What should be covered by the notion of “essence of the arrangement” is not specified by the GDPR. The EDPB recommends that the essence cover at least all the elements of the information referred to in Articles 13 and 14 that should already be accessible to the data subject, and for each of these elements, the arrangement should specify which joint controller is responsible for ensuring compliance with these elements. The essence of the arrangement must also indicate the contact point, if designated.
The arrangement may designate a contact point for data subjects
Article 26(1) provides the possibility for joint controllers to designate in the arrangement a contact point for data subjects. Such designation is not mandatory.

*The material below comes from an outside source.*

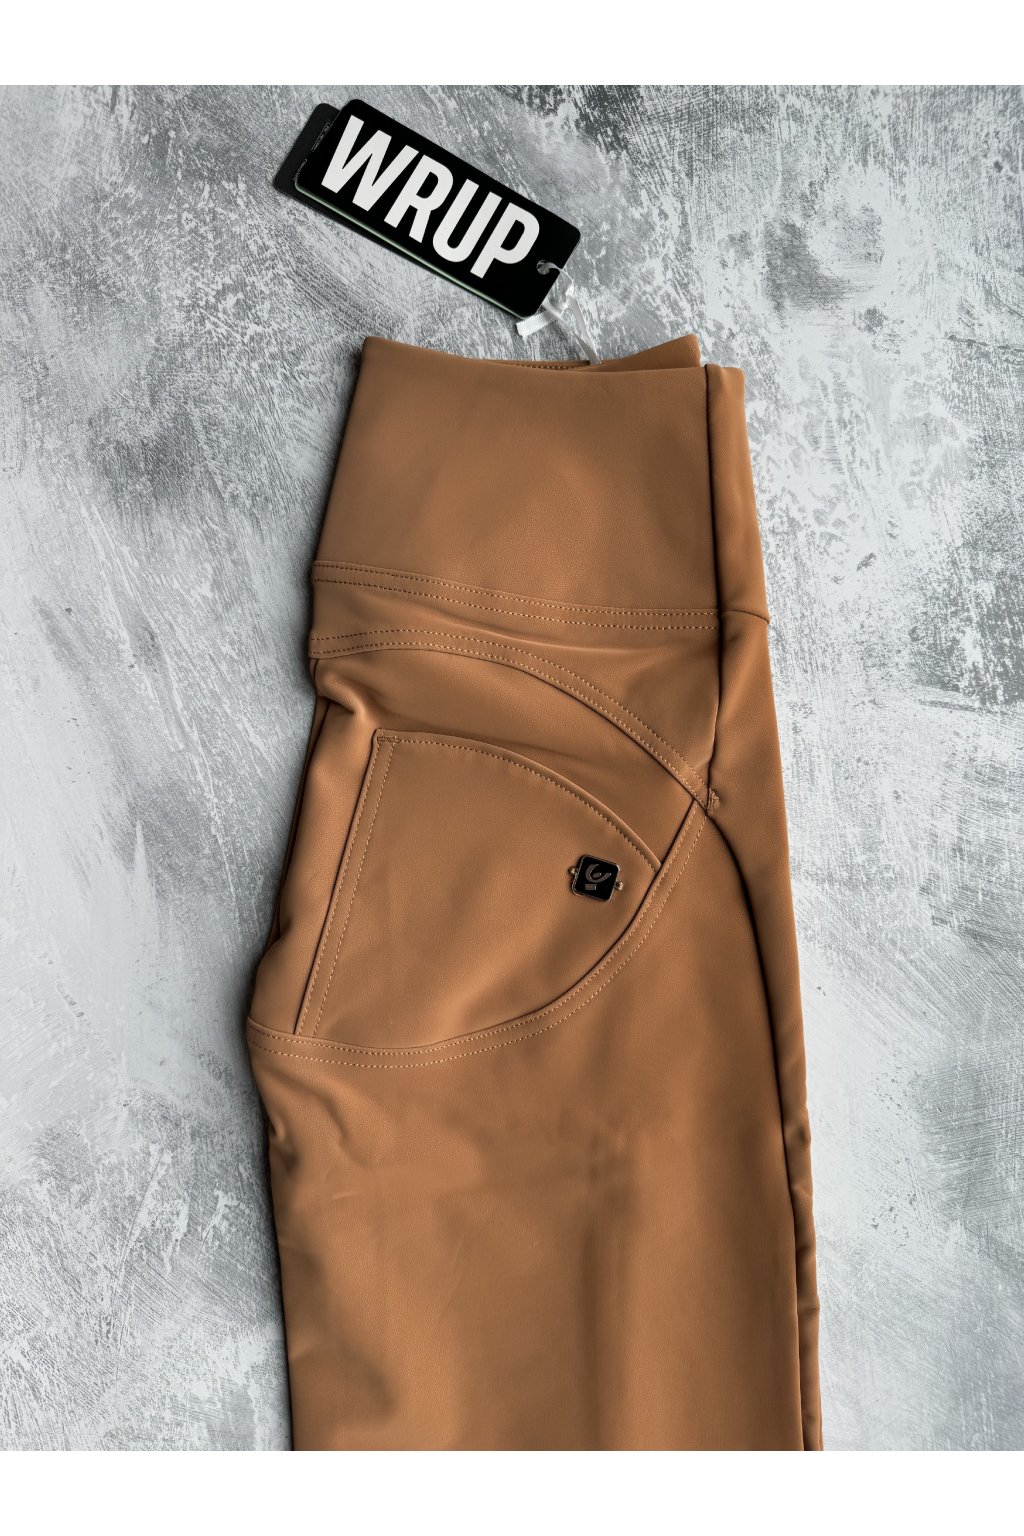 FW24 Kolekce - Freddy WR.UP kalhoty v hořčicové barvě, vysoký pas, postranní zip, zvonové nohavice

Being informed of a single way to contact possible multiple joint controllers enables data subjects to know who they can contact with regard to all issues related to the processing of their personal data. In addition, it allows multiple joint controllers to coordinate in a more efficient manner their relations and communications vis-à-vis data subjects.
For these reasons, in order to facilitate the exercise of data subjects’ rights under the GDPR, the EDPB recommends joint controllers to designate such contact point.
The contact point can be the DPO, if any, the representative in the Union (for joint controllers not established in the Union) or any other contact point where information can be obtained.
Irrespective of the terms of the arrangement, data subjects may exercise their rights in respect of and against each of the joint controllers.
Under Article 26(3), a data subject is not bound by the terms of the arrangement and may exercise his or her rights under the GDPR in respect of and against each of the joint data controllers.
For example, in case of joint controllers established in different Member States, or if only one of the joint controllers is established in the Union, the data subject may contact, at his or her choice, either the controller established in the Member State of his or her habitual residence or place of work, or the controller established elsewhere in the EU or in the EEA.
Even if the arrangement and the available essence of it indicate a contact point to receive and handle all data subjects’ requests, the data subjects themselves may still choose otherwise.
Therefore, it is important that joint controllers organise in advance in their arrangement how they will manage answers to requests they could receive from data subjects. In this respect, it is recommended that joint controllers communicate to the other controllers in charge or to the designated contact point, the requests received in order to be effectively handled. Requiring data subjects to contact the designated contact point or the controller in charge would impose an excessive burden on the data subject that would be contrary to the objective of facilitating the exercise of their rights under the GDPR.
Obligations towards data protection authorities
Joint controllers should organise in the arrangement the way they will communicate with the competent supervisory data protection authorities. Such communication could cover possible consultation under Article 36 of the GDPR, notification of a personal data breach, designation of a data protection officer.
It should be recalled that data protection authorities are not bound by the terms of the arrangement whether on the issue of the qualification of the parties as joint controllers or the designated contact point. Therefore, the authorities can contact any of the joint controllers to exercise their powers under Article 58 with respect to the joint processing.